# AutoGluon Ensemble for California Housing

This notebook uses AutoGluon to train and ensemble multiple models (GBM, LGBM, XGBoost, CatBoost, Random Forest) on the California Housing dataset.
It includes Weighted Ensemble (Voting) and Stacking techniques.

In [1]:
import pandas as pd
import numpy as np
from sklearn.datasets import fetch_california_housing
from sklearn.model_selection import train_test_split
from autogluon.tabular import TabularDataset, TabularPredictor

  from .autonotebook import tqdm as notebook_tqdm


## 1. Data Loading and Preprocessing

In [2]:
# Load dataset
data = fetch_california_housing()
df = pd.DataFrame(data['data'], columns=data['feature_names'])
df['MedHouseVal'] = data['target']

print("Dataset Shape:", df.shape)
df.head()

Dataset Shape: (20640, 9)


Unnamed: 0,MedInc,HouseAge,AveRooms,AveBedrms,Population,AveOccup,Latitude,Longitude,MedHouseVal
0,8.3252,41.0,6.984127,1.02381,322.0,2.555556,37.88,-122.23,4.526
1,8.3014,21.0,6.238137,0.97188,2401.0,2.109842,37.86,-122.22,3.585
2,7.2574,52.0,8.288136,1.073446,496.0,2.80226,37.85,-122.24,3.521
3,5.6431,52.0,5.817352,1.073059,558.0,2.547945,37.85,-122.25,3.413
4,3.8462,52.0,6.281853,1.081081,565.0,2.181467,37.85,-122.25,3.422


In [3]:
# Split into Train and Test sets (e.g., 80% Train, 20% Test)
train_df, test_df = train_test_split(df, test_size=0.2, random_state=42)

print(f"Train size: {train_df.shape}, Test size: {test_df.shape}")
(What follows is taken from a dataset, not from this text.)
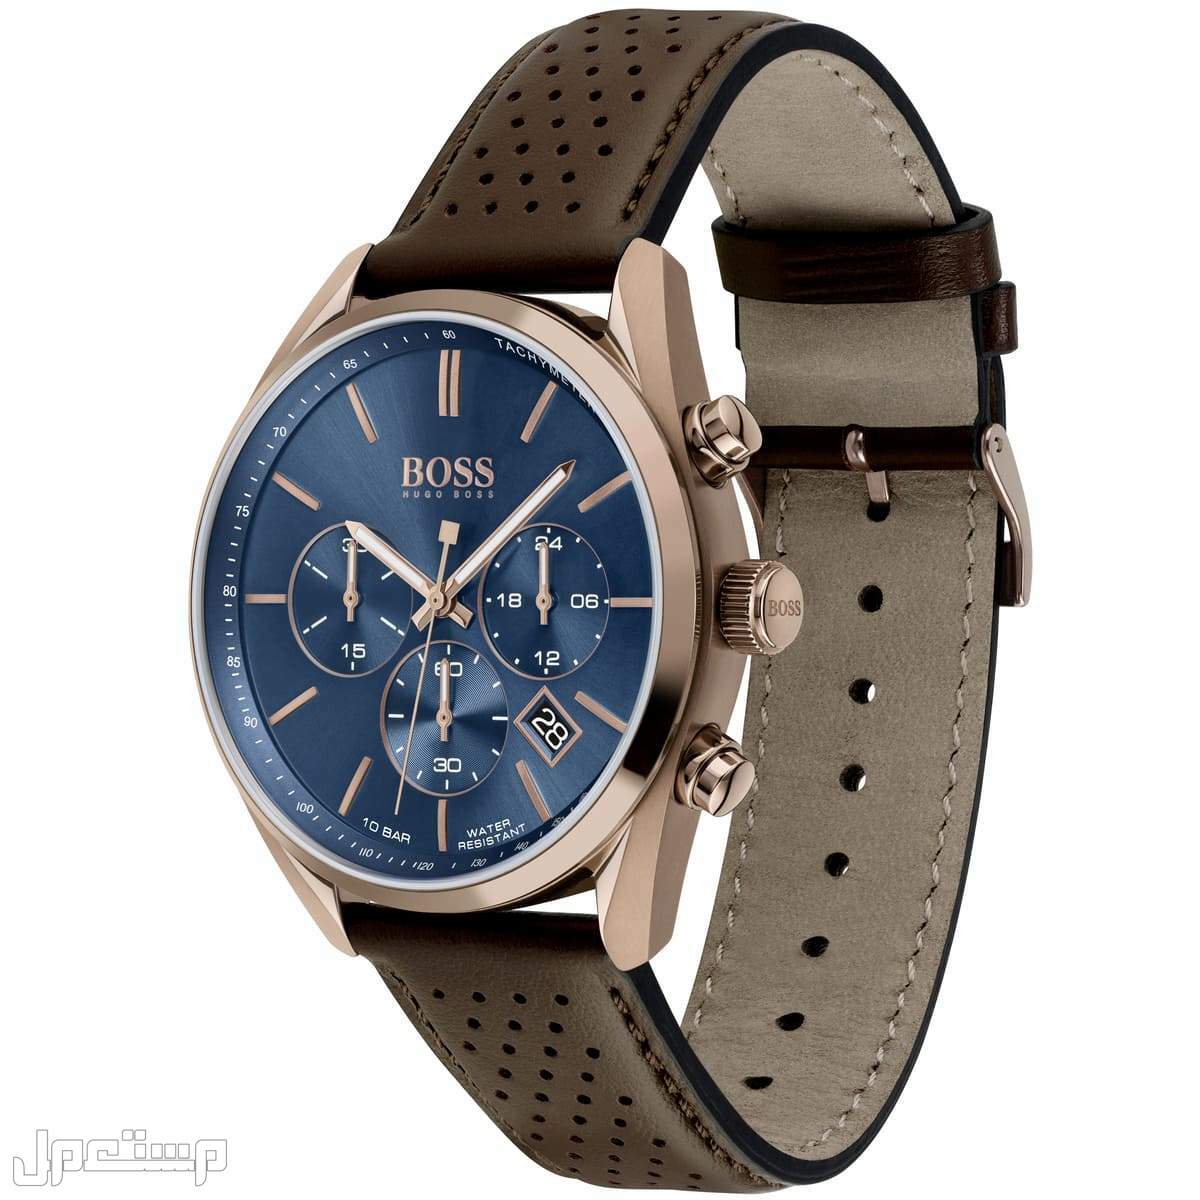 أفضل ساعات بوس Boss الأكثر مبيعا هذا العام وأسعارها في تونس ساع 1513817-hugo-boss-watch-men-blue-dial-leather-brown-strap-quartz-analog-chro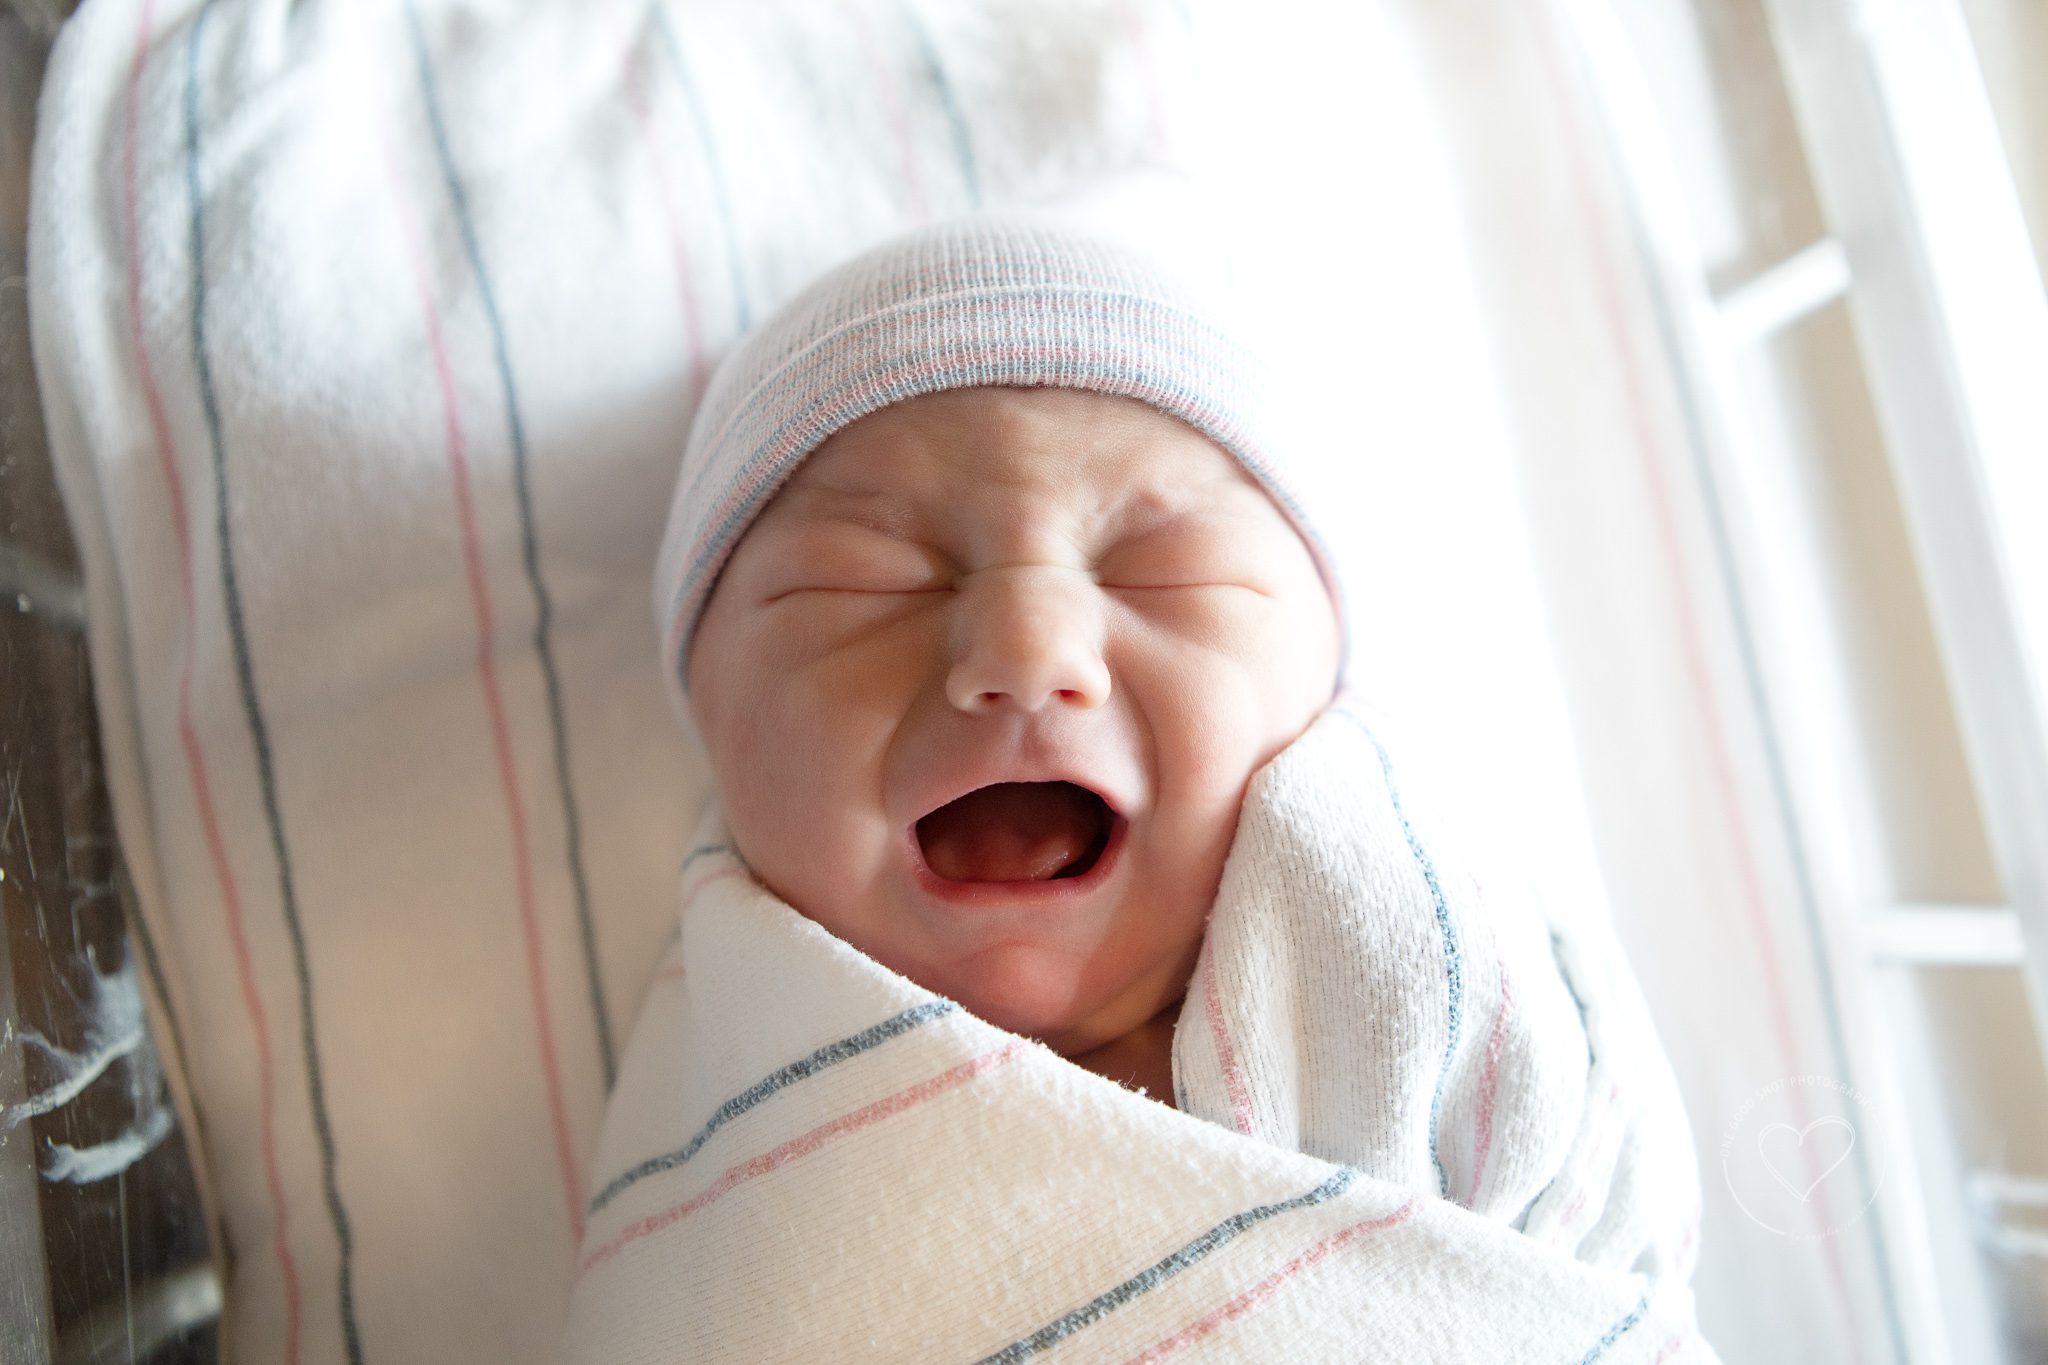 Newborn Baby Fresh 48 Hospital Photos Fresno Clovis, Baby swaddled, crying

Train size: (16512, 9), Test size: (4128, 9)


## 2. AutoGluon Training

We will configure AutoGluon to train specific models:
- GBM (LightGBM)
- CAT (CatBoost)
- XGB (XGBoost)
- RF (Random Forest)

And use `presets='best_quality'` to enable Stacking and Bagging. AutoGluon automatically creates a Weighted Ensemble.

In [4]:
# Define the label column
label = 'MedHouseVal'

# Specify hyperparameters to ensure we get the desired base models
# 'GBM' is LightGBM, 'CAT' is CatBoost, 'XGB' is XGBoost, 'RF' is Random Forest
hyperparameters = {
    'GBM': {},
    'CAT': {},
    'XGB': {},
    'RF': {}
}

# Define the predictor path
save_path = 'ag_models_california_housing'

# Initialize Predictor
predictor = TabularPredictor(label=label, path=save_path, problem_type='regression', eval_metric='mean_squared_error')

# Fit models
# presets='best_quality' enables Bagging and Stacking (L2/L3 ensembles)
# time_limit can be adjusted as needed (e.g., 600 seconds for a quick run, or remove for full training)
predictor.fit(
    train_data=TabularDataset(train_df),
    presets='best_quality',
    hyperparameters=hyperparameters,
    time_limit=600  # Set a time limit for demonstration (10 minutes)
)

Verbosity: 2 (Standard Logging)
AutoGluon Version:  1.5.0
Python Version:     3.11.14
Operating System:   Windows
Platform Machine:   AMD64
Platform Version:   10.0.26200
CPU Count:          32
Pytorch Version:    2.9.1+cpu
CUDA Version:       CUDA is not available
Memory Avail:       74.84 GB / 127.76 GB (58.6%)
Disk Space Avail:   852.19 GB / 1861.70 GB (45.8%)
Presets specified: ['best_quality']
Setting dynamic_stacking from 'auto' to True. Reason: Enable dynamic_stacking when use_bag_holdout is disabled. (use_bag_holdout=False)
Stack configuration (auto_stack=True): num_stack_levels=1, num_bag_folds=8, num_bag_sets=1
DyStack is enabled (dynamic_stacking=True). AutoGluon will try to determine whether the input data is affected by stacked overfitting and enable or disable stacking as a consequence.
	This is used to identify the optimal `num_stack_levels` value. Copies of AutoGluon will be fit on subsets of the data. Then holdout validation data is used to detect stacked overfitting.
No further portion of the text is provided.